Indian equities fell Wednesday after negative cues from developed markets overnight and local concerns relating to India's fiscal situation and the rupee's weakness against peers.
In Mumbai, in afternoon trade, the Bombay Stock Exchange's benchmark index fell about 2%, or over 300 points, to test the key 16,000 level.
Investors remained nervous globally, pulling out from risk assets as debt-laden Greece appeared to be heading for fresh elections following the inconclusive results from polls held recently.
Most commodities, including even gold, fell across the board--the perceived safe haven was down 1.7% to $1,534 an ounce in international trading--as investors rushed to the safety of the U.S. dollar.
The U.S. dollar index, which tracks the greenback against a basket of six currencies, went above 80, its highest level for March.
The fall was particularly painful for Indian markets, which were among the best-performing ones globally for the first two months of the year, coming off a horrid 2011.
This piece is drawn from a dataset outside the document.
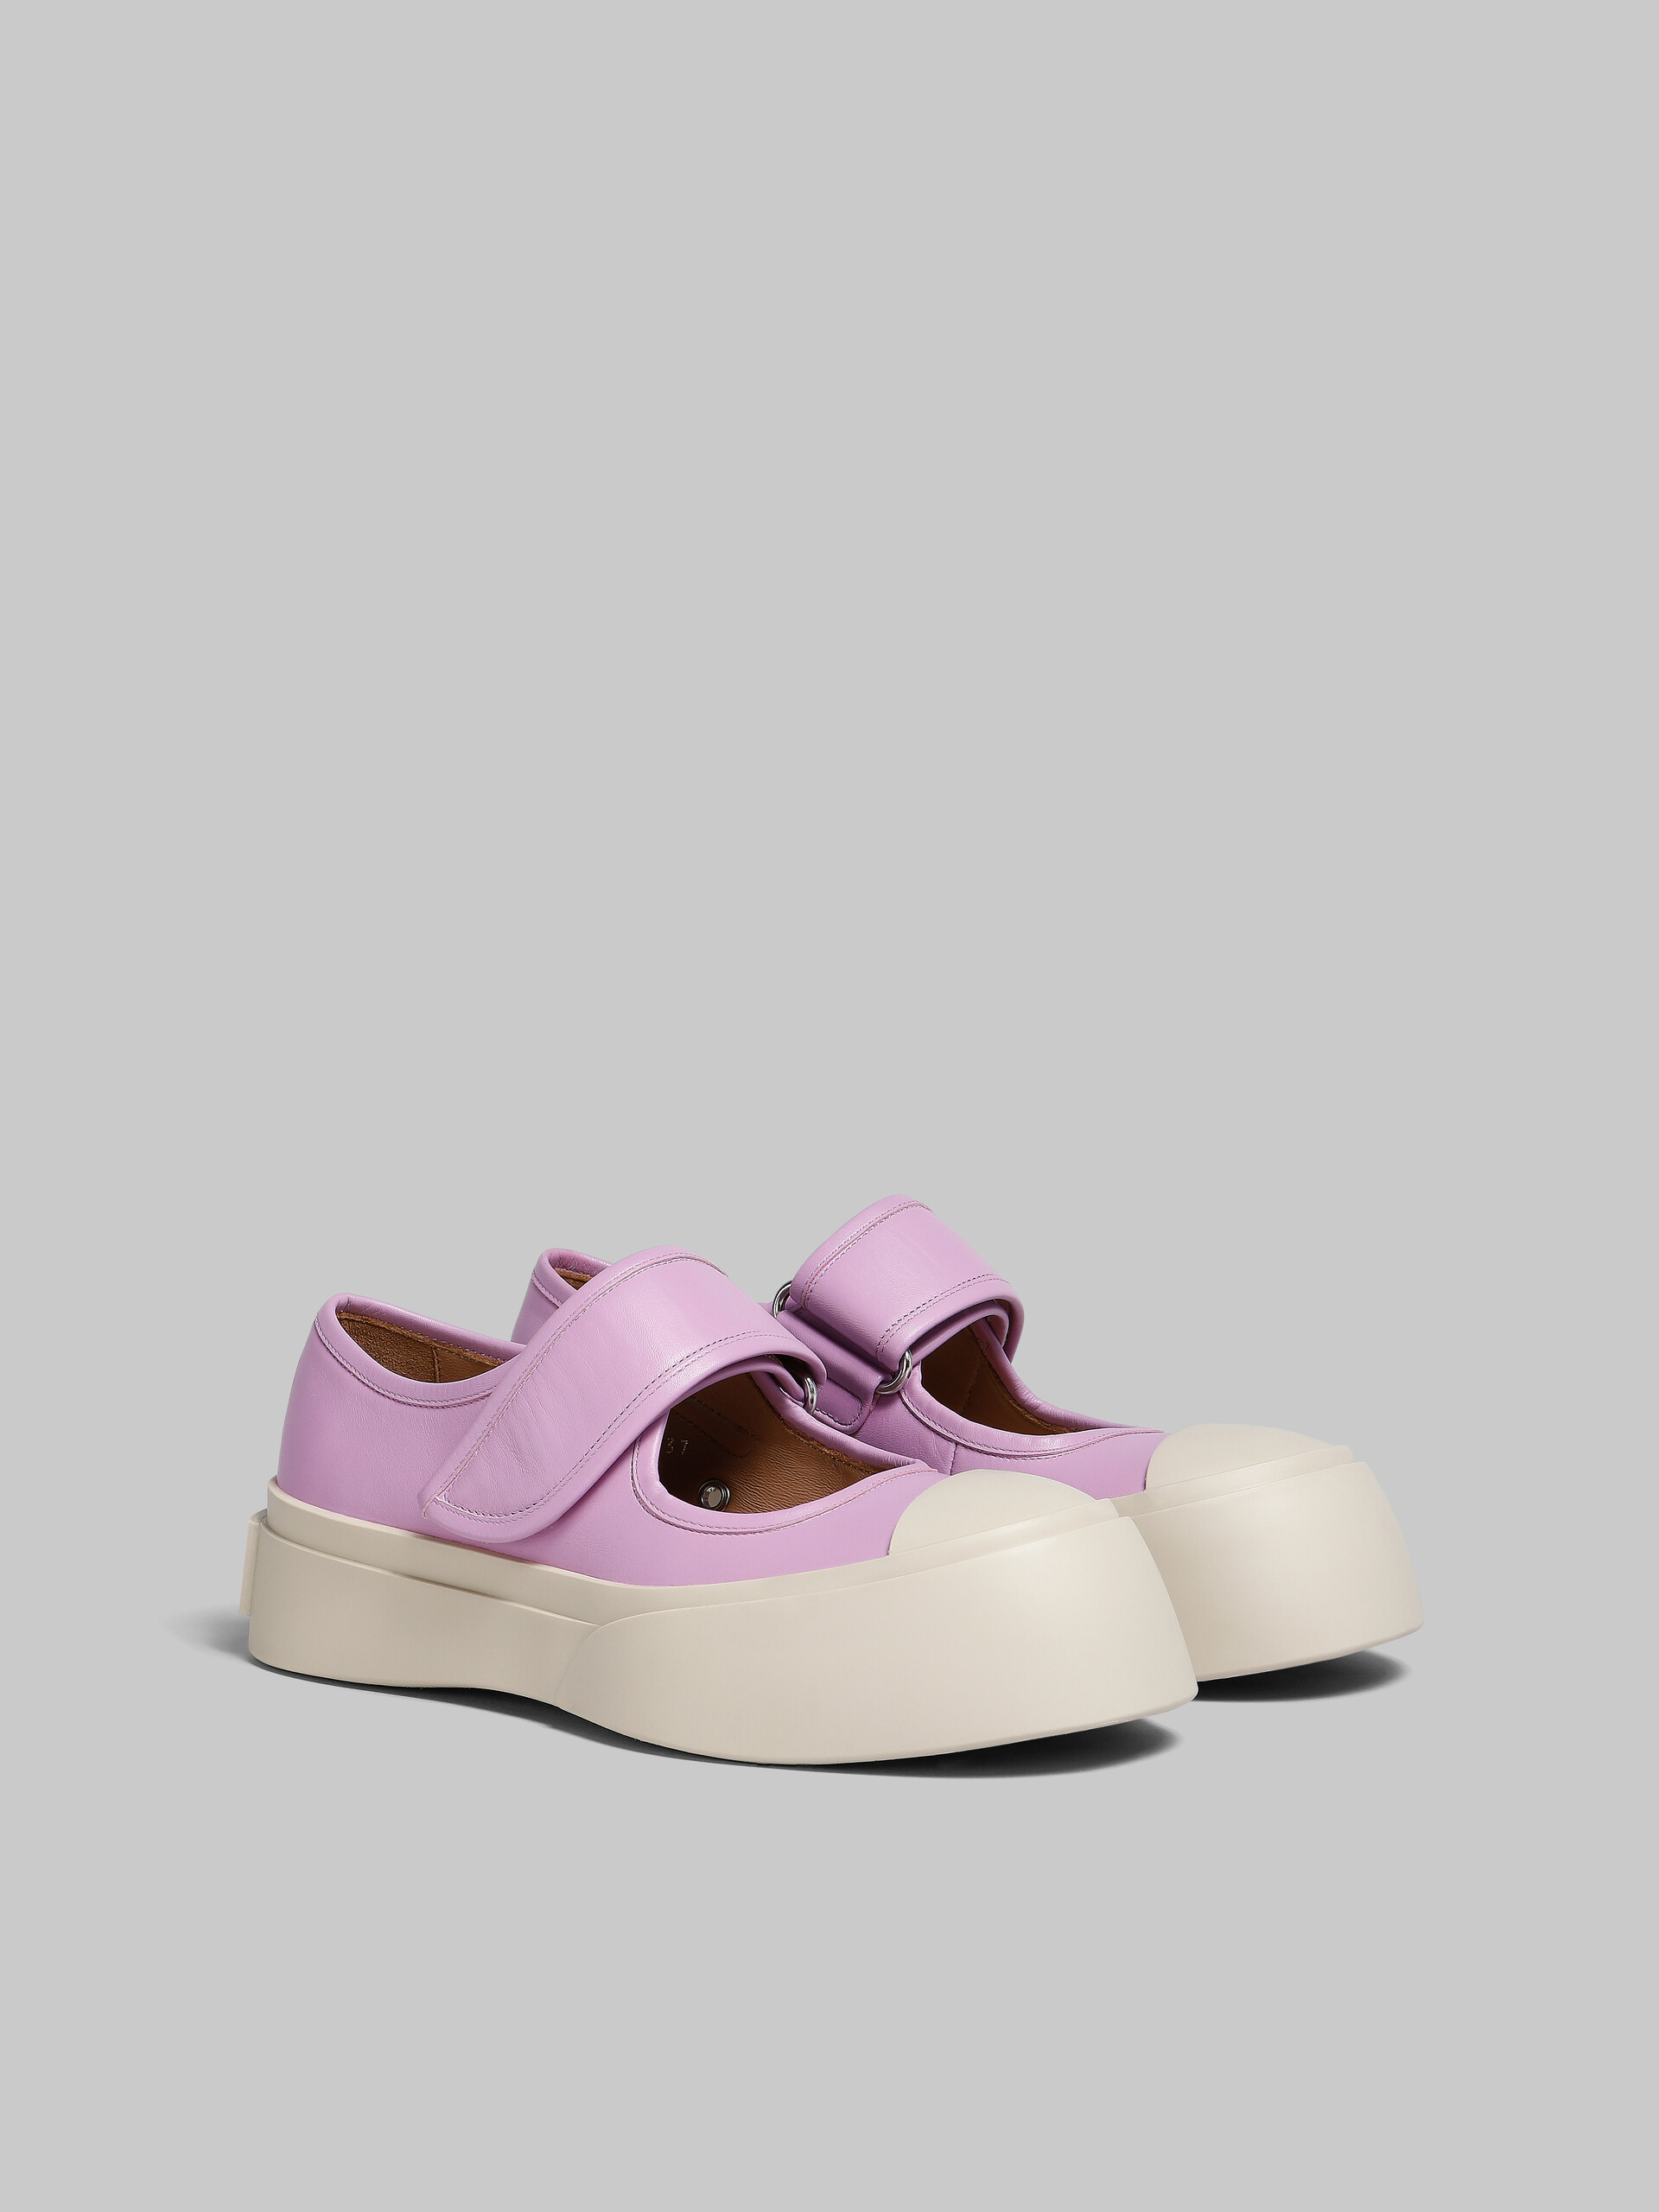 Lilac nappa leather Mary Jane sneaker - Sneakers - Image 2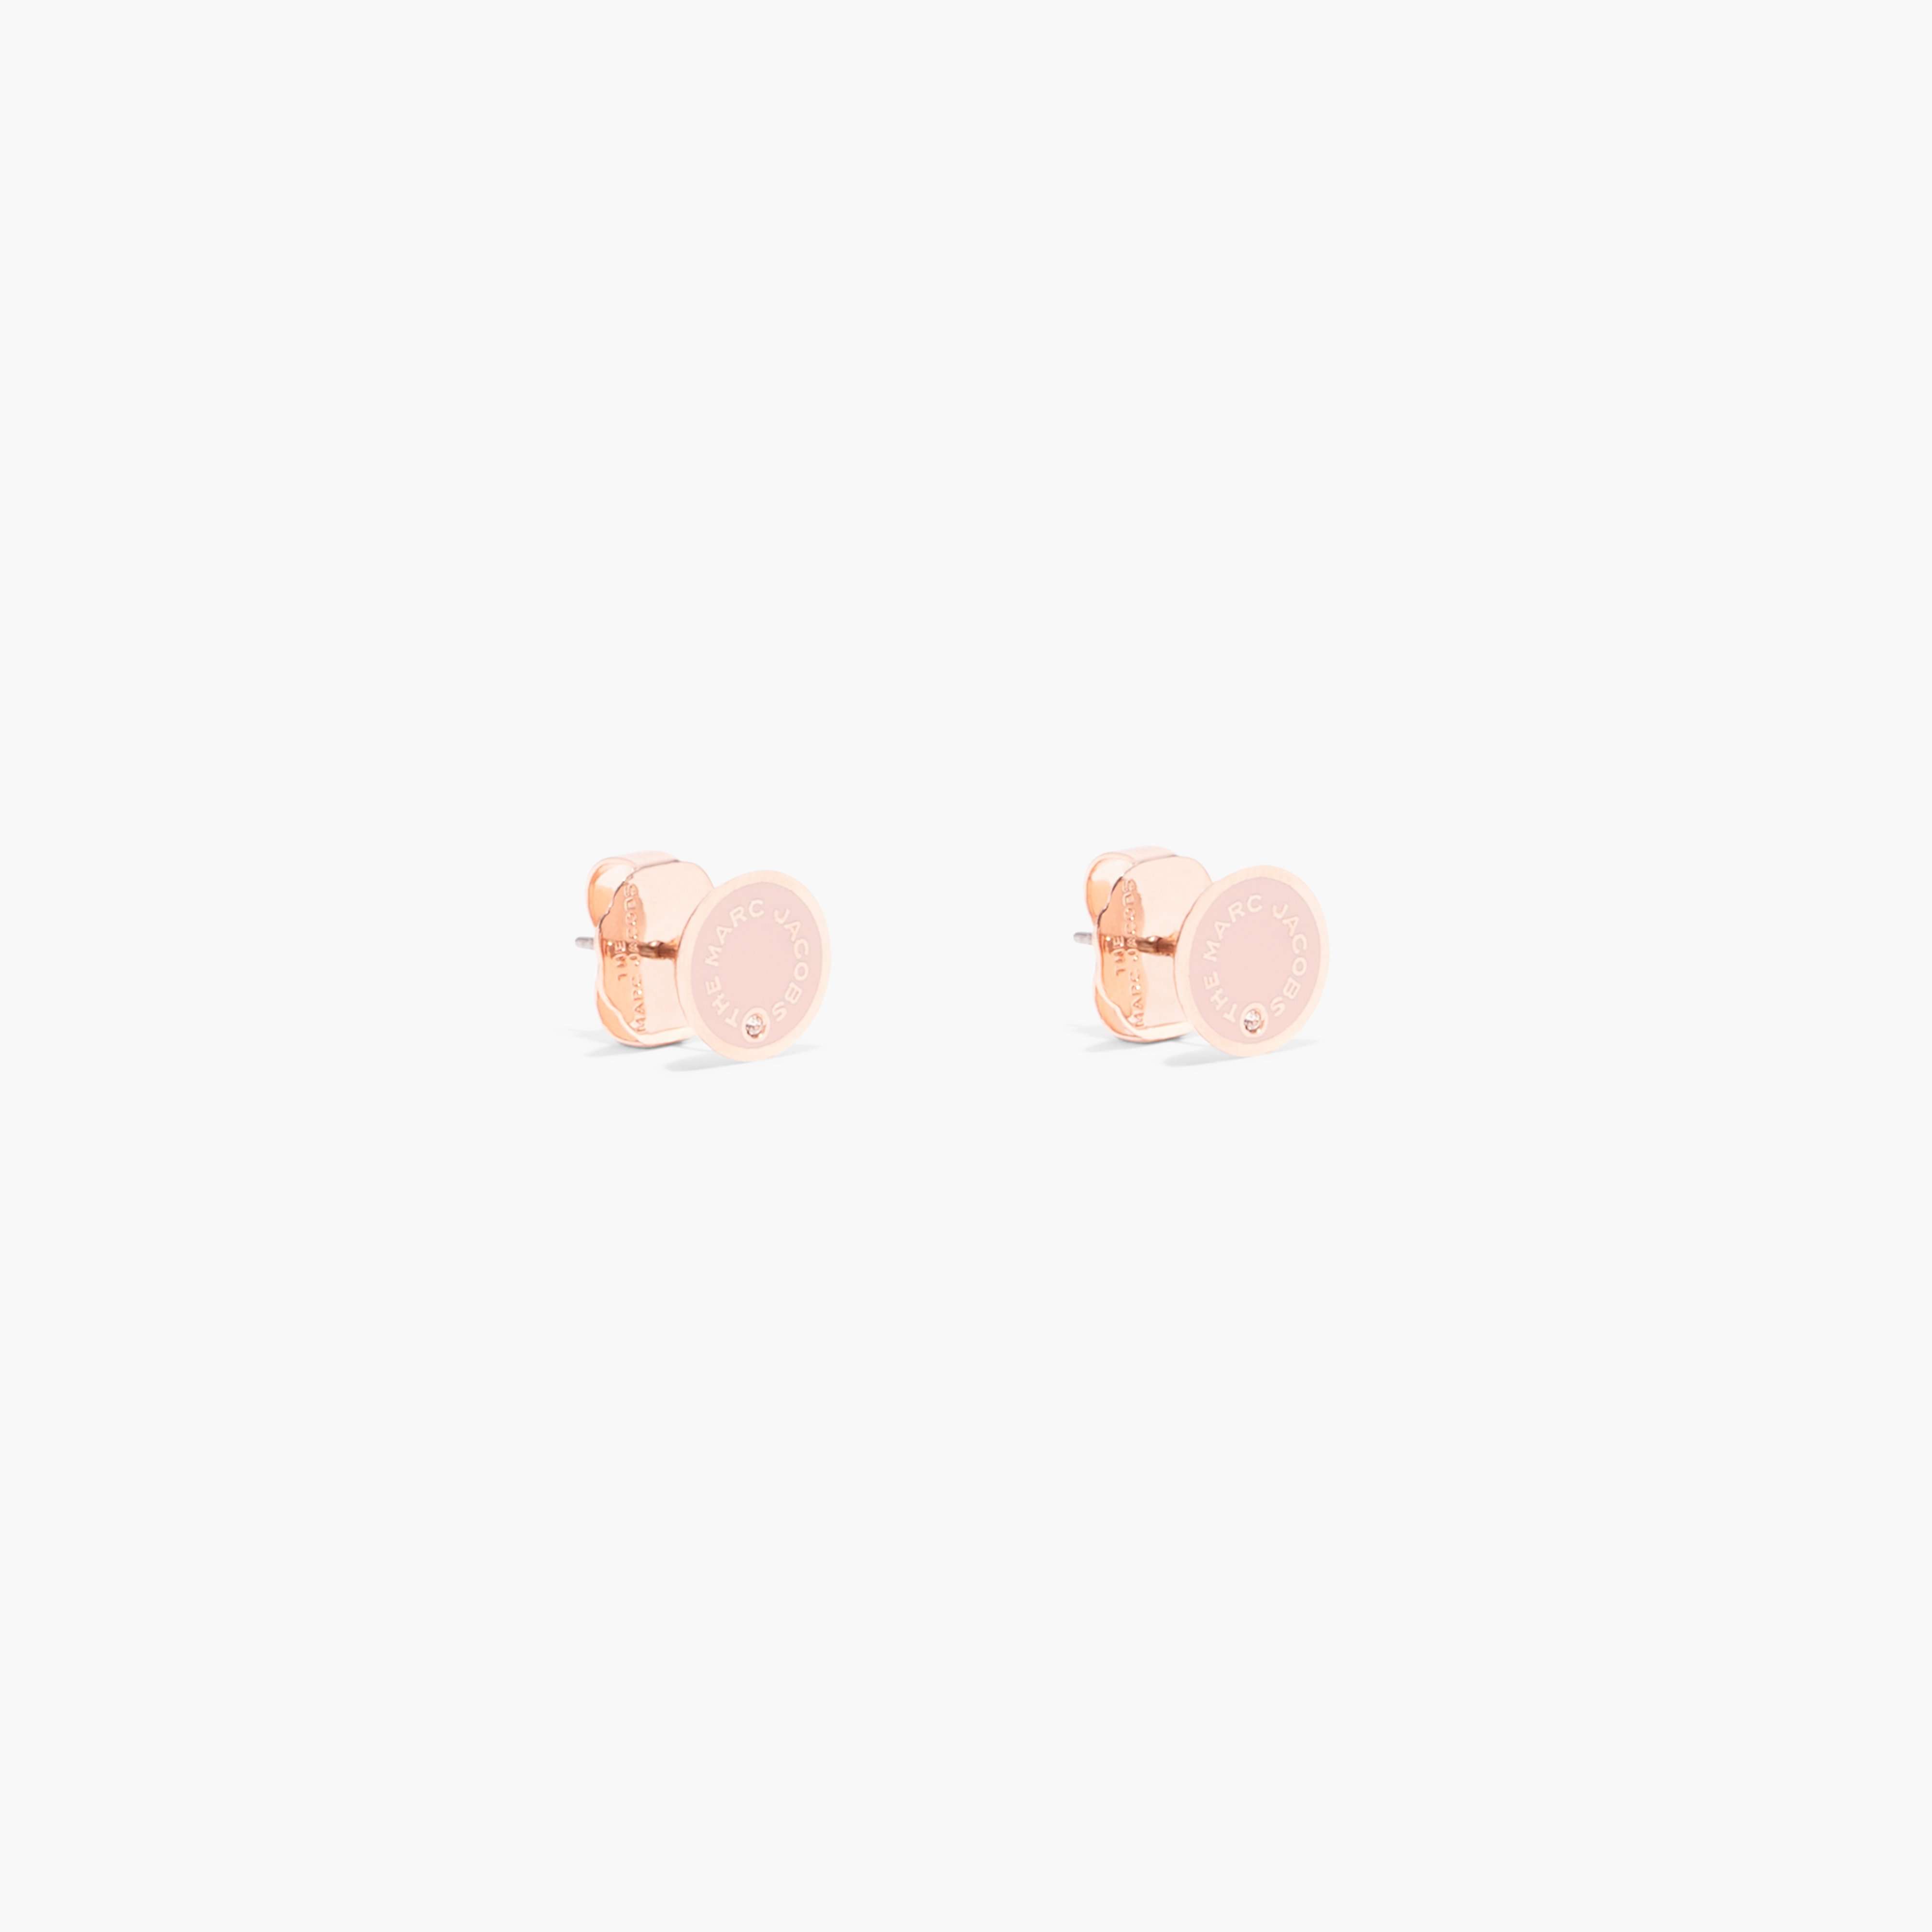 The Medallion Studs in Sand/Rose Gold

The rupee, which has exhibited weakness against the U.S. dollar, crumbled, falling to its all-time low of Rs 54.36.
India's current account deficit is expected to continue to remain under pressure as exports break down following concerns overseas and imports remain strong, said an Ambit Capital report, adding that the country's capital account surplus is unlikely to be able to fund the current-account deficit.
It also said moves by the central bank to cushion the rupee's fall may fail as the balance of payment situation worsens. "Given the fact that the size of the balance of payment is far more powerful driver of rupee movement than Reserve Bank of India's intervention, even if the RBI decides to intervene decisively to save the falling rupee, it is likely to skid lower as long as a negative BoP persists."
The Sensex is now only about 4% up for the year, even as it had climbed over 15% at a point in February.